→ What the task requires: The required output is the lines below from the line containing "Tekebash and Saba: Recipes" to the line containing "Experience sophistication with", inclusive, retyped exactly. No other lines belong in it.

# # # # # # #

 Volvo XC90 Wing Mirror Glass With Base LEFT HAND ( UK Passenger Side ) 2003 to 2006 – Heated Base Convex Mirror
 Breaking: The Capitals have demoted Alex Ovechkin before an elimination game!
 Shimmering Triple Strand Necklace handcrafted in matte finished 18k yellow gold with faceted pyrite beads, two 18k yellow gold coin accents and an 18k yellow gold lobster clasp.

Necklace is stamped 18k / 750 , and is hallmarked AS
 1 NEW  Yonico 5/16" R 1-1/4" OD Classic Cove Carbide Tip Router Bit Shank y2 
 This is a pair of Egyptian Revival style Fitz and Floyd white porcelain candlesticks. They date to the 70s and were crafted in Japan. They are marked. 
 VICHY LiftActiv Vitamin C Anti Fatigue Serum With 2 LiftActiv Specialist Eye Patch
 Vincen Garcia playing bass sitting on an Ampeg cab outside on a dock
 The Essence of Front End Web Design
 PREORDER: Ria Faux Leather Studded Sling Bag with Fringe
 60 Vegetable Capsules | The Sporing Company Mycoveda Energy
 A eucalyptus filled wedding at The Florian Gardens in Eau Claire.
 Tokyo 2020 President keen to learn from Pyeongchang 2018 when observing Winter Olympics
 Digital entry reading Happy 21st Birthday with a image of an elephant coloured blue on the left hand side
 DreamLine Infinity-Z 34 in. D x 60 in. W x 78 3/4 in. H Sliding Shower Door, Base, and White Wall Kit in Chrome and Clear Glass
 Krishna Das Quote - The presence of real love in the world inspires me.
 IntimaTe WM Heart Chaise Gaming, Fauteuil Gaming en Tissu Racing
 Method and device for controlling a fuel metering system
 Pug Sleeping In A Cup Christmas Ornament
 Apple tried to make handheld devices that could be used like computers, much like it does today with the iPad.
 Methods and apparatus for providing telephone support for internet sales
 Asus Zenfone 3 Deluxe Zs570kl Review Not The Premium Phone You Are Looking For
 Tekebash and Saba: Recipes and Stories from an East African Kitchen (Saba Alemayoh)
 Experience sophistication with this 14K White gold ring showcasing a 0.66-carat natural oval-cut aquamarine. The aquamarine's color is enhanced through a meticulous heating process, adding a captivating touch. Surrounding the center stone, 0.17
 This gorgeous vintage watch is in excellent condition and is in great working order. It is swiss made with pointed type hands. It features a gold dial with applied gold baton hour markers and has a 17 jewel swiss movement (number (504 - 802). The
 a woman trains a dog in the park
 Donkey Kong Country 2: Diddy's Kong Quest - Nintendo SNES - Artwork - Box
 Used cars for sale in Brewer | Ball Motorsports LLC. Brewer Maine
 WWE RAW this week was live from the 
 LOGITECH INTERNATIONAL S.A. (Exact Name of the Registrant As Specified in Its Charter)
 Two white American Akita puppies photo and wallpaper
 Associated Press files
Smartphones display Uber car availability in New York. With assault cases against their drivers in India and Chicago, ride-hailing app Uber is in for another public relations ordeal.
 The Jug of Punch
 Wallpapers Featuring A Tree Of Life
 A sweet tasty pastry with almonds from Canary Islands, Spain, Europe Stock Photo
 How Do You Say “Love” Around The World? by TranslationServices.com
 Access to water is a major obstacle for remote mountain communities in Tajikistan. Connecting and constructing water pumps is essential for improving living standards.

# # # # # # #

→ Response area:
 Tekebash and Saba: Recipes and Stories from an East African Kitchen (Saba Alemayoh)
 Experience sophistication with this 14K White gold ring showcasing a 0.66-carat natural oval-cut aquamarine. The aquamarine's color is enhanced through a meticulous heating process, adding a captivating touch. Surrounding the center stone, 0.17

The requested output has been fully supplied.